The negotiations that the Trump administration has launched with Russia have been derided, and not without good cause. Seeking a solution without involving Ukraine three years after it was invaded is absurd. But it’s no more ridiculous than ignoring Moscow while throwing arms into Ukraine, which is effectively what the Biden administration was doing, with the help of its European dependencies. Talks with the Kremlin were always an obvious component of any path to peace. And diplomacy would have been ideal before Russia launched its ill-judged invasion.

It’s easy to make the case that Moscow ought to have kept its nose out of Kyiv once Ukraine became independent in 1991. But the same goes for Nato and the EU. Those who question Russia’s wrath at the idea of being surrounded by hostile neighbours might be asked to consider how the US might react to Mexico City or Ottawa seeking military alliances with Moscow or Beijing.

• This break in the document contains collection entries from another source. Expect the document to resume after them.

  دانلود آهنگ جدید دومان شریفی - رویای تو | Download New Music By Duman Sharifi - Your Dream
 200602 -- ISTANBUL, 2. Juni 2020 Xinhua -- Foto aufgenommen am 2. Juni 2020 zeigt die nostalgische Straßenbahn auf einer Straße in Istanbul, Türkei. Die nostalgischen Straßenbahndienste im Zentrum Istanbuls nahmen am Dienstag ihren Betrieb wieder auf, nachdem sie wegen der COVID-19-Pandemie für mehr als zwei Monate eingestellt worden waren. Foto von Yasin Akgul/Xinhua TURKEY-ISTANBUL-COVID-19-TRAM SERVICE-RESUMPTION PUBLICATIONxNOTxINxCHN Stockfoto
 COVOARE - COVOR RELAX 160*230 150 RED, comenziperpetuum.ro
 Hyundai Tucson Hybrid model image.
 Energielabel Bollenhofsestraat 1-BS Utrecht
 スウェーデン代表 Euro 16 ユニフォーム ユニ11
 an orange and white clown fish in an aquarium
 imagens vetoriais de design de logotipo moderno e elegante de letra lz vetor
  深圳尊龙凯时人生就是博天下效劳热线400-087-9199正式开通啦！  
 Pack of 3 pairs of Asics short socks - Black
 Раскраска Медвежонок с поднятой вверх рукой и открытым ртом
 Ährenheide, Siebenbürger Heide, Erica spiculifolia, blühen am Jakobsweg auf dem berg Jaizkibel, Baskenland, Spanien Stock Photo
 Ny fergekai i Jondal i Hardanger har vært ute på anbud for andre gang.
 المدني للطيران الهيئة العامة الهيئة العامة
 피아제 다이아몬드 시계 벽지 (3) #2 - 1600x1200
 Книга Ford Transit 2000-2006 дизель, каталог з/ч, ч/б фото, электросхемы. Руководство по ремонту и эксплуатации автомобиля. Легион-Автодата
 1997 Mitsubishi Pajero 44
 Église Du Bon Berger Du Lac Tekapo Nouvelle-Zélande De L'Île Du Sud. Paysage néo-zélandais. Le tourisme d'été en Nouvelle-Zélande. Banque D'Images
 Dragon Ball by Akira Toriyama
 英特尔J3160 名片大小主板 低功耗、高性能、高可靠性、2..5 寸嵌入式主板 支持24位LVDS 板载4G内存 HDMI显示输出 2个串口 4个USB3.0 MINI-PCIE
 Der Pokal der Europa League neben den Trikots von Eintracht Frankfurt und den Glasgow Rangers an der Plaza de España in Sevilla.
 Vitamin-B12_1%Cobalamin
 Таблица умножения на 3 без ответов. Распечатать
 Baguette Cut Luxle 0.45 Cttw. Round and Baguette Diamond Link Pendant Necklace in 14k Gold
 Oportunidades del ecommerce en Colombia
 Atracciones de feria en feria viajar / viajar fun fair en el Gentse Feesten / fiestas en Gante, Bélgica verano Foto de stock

Empathy, though, remains anathema to many in Germany. The mass murder and ethnic cleansing of Palestinians can be condoned because they are being targeted by the children of Germany’s one-time victims. Germany’s disgraceful response to protests against the Gaza atrocities has been among the worst in Europe, including when the protesters were themselves Jewish. And although the AfD itself may be antisemitic, it has no quarrel with the votaries of Zionism. Anyone who fails to recognise certain similarities between the present and the attitudes that led towards the Judeocide of the 1930s-40s must be blinkered.

It could take a while to cobble together a new government in Berlin. The AfD is likely to be excluded, despite Merz’s affection for it. His coalition will likely be with the currently ruling Social Democrats, who have dwindled to their lowest vote count since the end of World War II, with the AfD as the main opposition. What might follow in 2029 is unpleasant to contemplate, but who can say where the rest of Europe might be four years hence?